Nederland en de Europese integratie, 1950-1986

 
English | Nederlands
Samenvatting
3b. Actie-Monnet voor Europese integratie.
Beyen heeft vernomen dat Monnet een actie is begonnen, maar met hem geen contact heeft opgenomen en wel met Mansholt en Zijlstra. Beiden antwoorden benaderd te zijn voor contacten met de politieke partijen.
Gesproken werd o.a. over het vreedzaam gebruik van kernenergie.
De minister-president heeft principieel bezwaar tegen de gang van zaken. Een contact, zoals Monnet legt, is aanvaardbaar is het over algemene beginselen van integratie gaat, maar men is nu doende om de parlementen op zakelijke punten tevoren te laten vastleggen zonder dat hierover contact met regeringen bestaat.

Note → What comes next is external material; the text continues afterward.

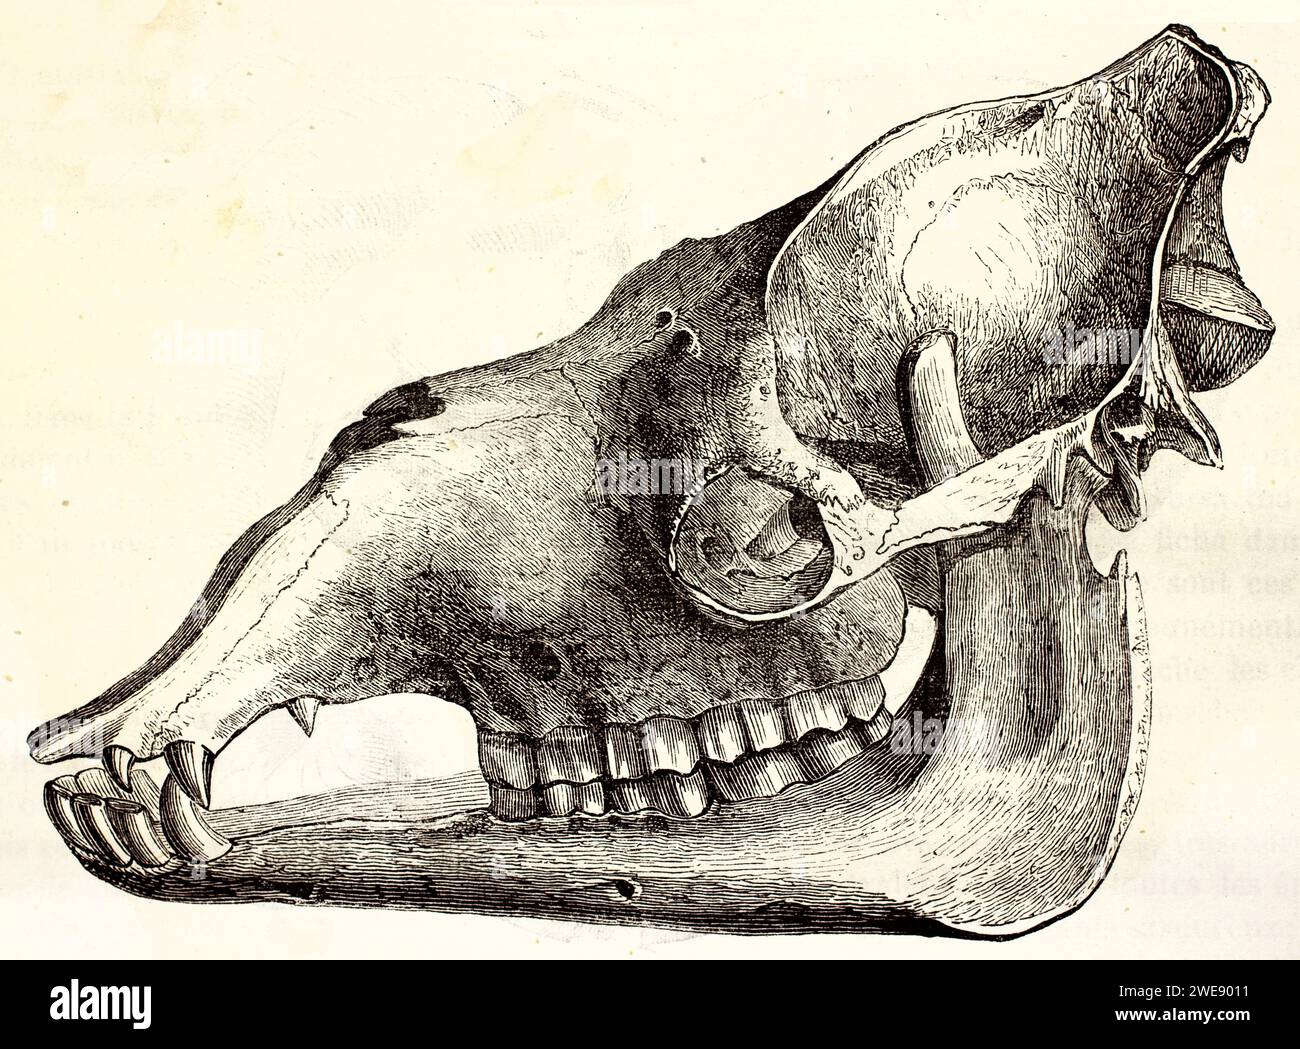 Vecchia illustrazione incisa del cranio di barbet (vista laterale). Di autore sconosciuto, pubblicato su Brehm, Les Mammifers, Baillière et fils, Parigi, 1878 Foto Stock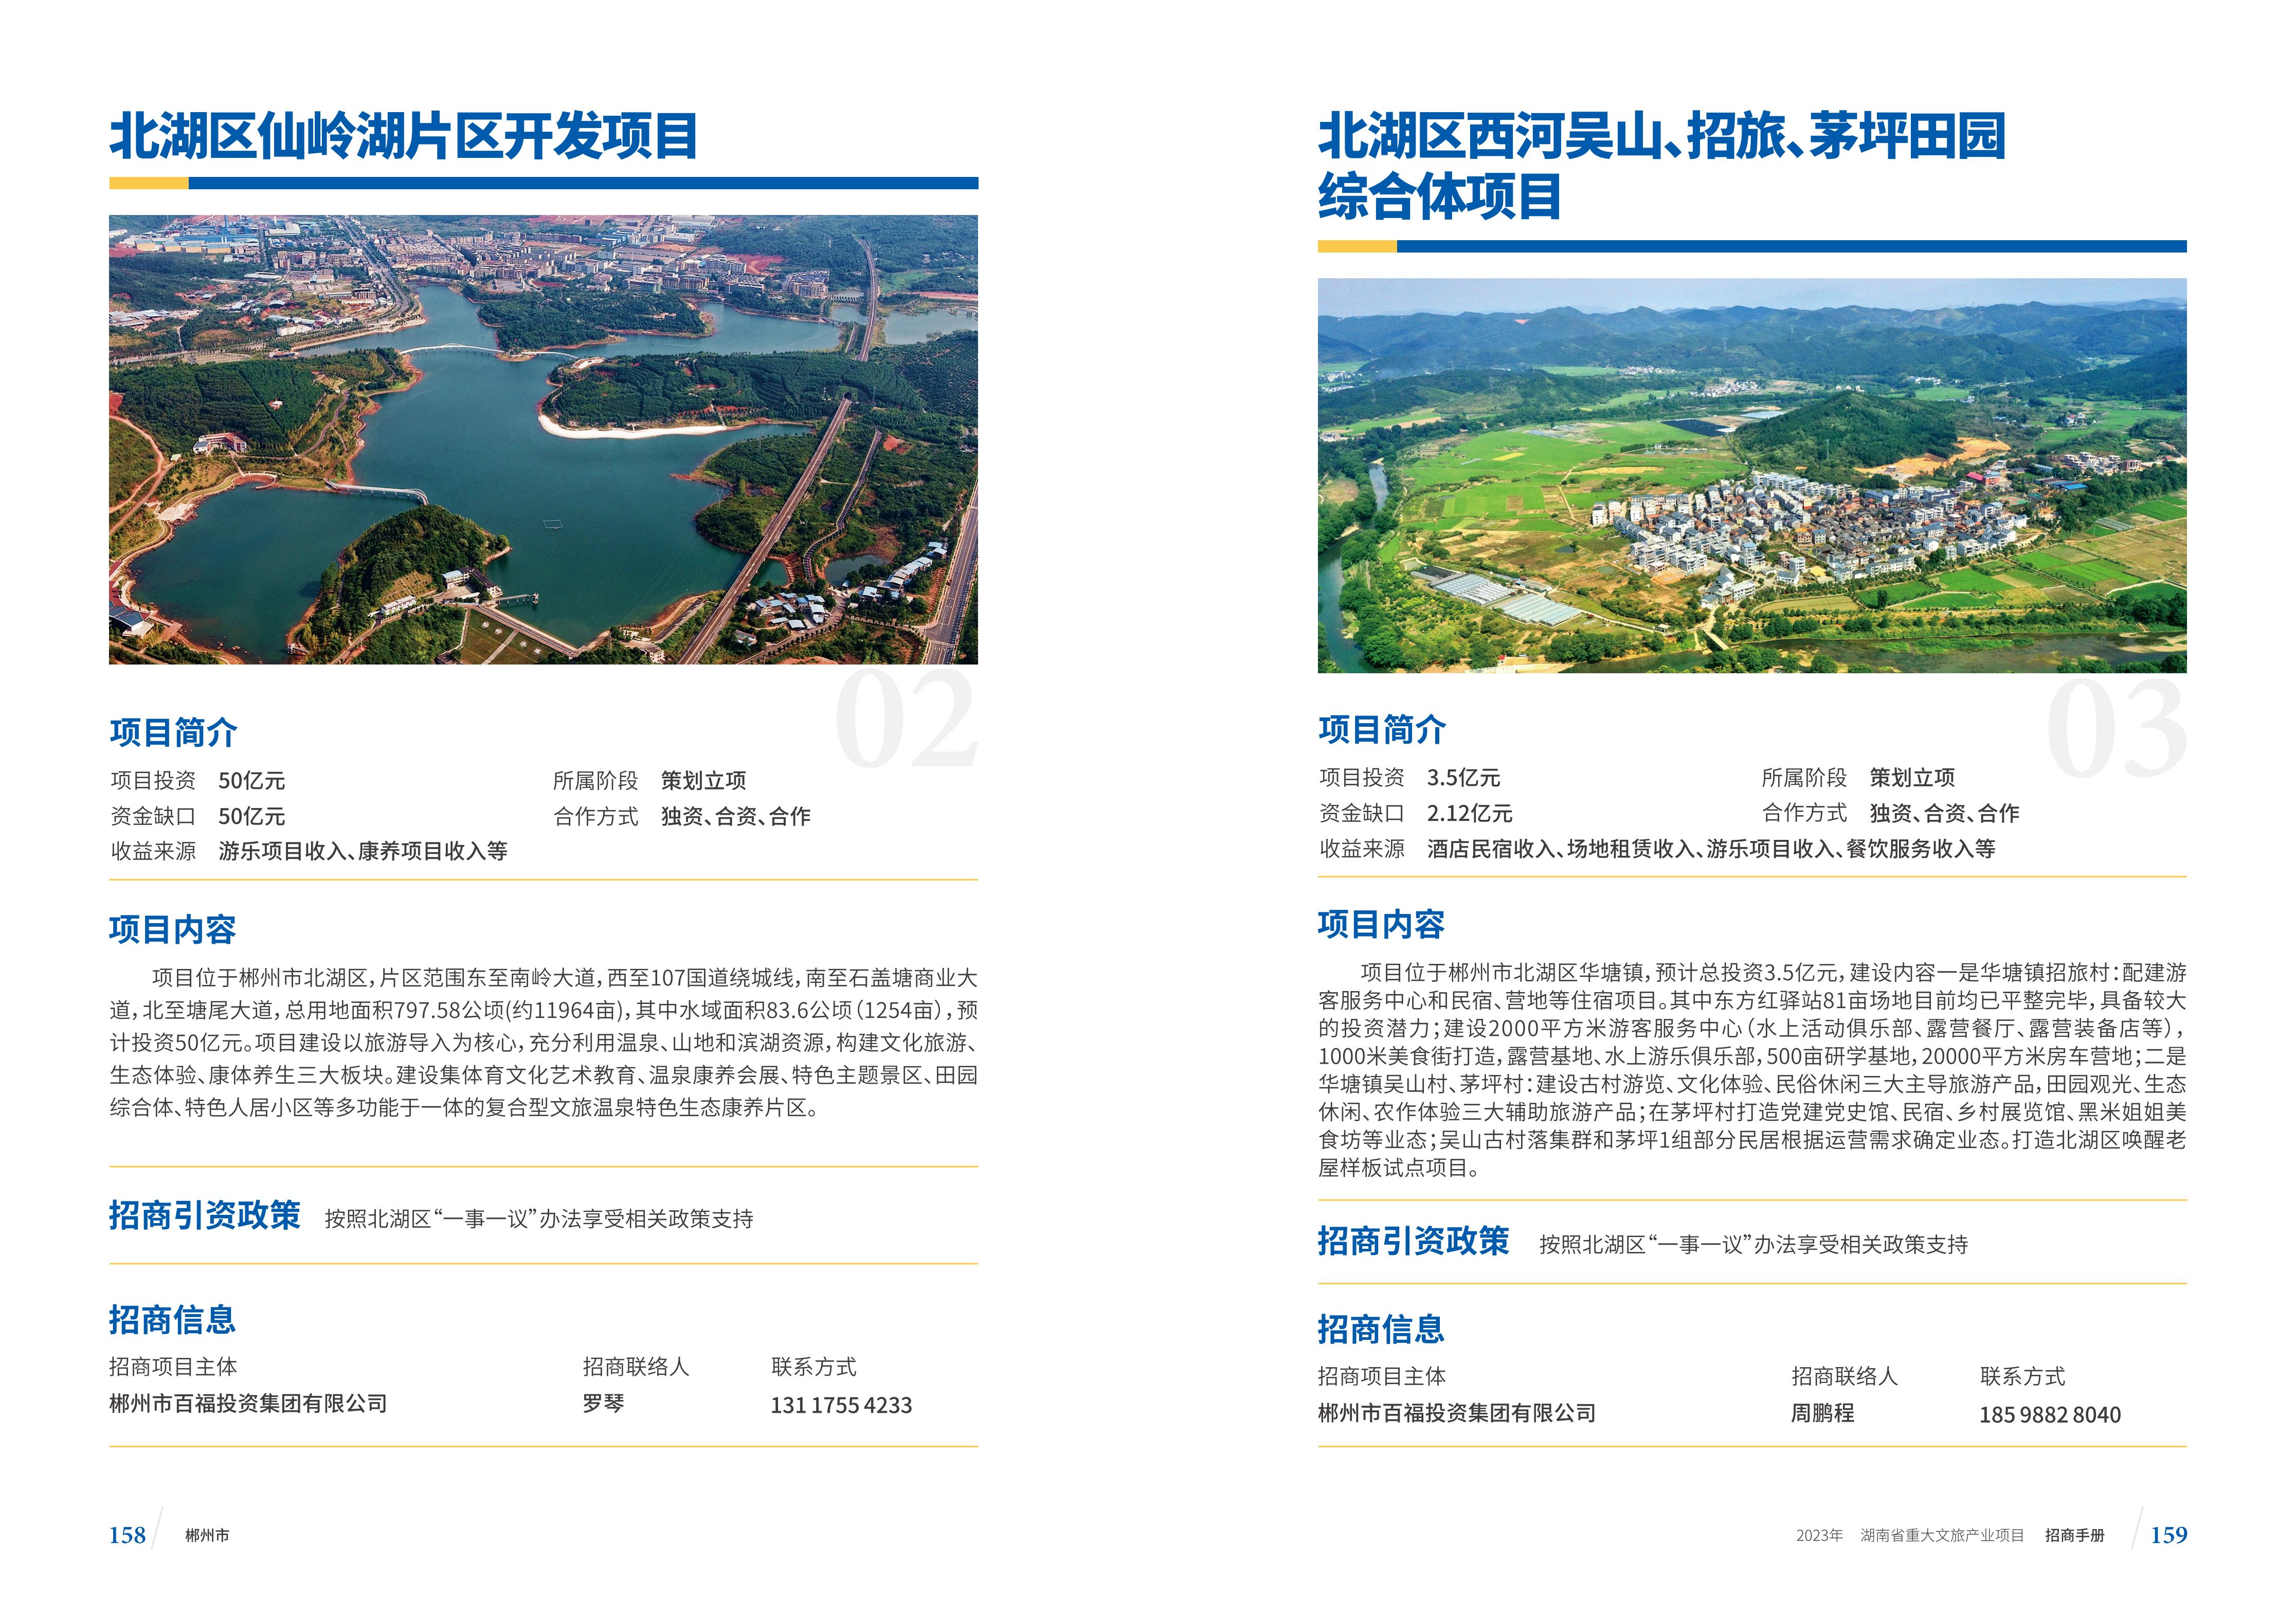 湖南省重大文旅产业项目招手册线上链接版_87.jpg

Beyen meent dat het gevaar dreigt dat Monnet tegenstellingen oproept.
In de avondvergadering meldt Beyen dat uit een stuk van Zijlstra blijkt, at het de bedoeling is dat parlementariërs afspreken reeds enigszins uitgewerkte voorstellen inzake atoomenergie aan de parlementen te onderwerpen. Beyen meent dat het hier gaat om een herhaling van de geschiedenis met art. 38 van het EDG-verdrag; het komt voort uit de volkssoevereiniteits-gedachte. Deze procedure kan in Nederland niet gevolgd worden, tenzij het parlement met een initiatief-ontwerp zou komen.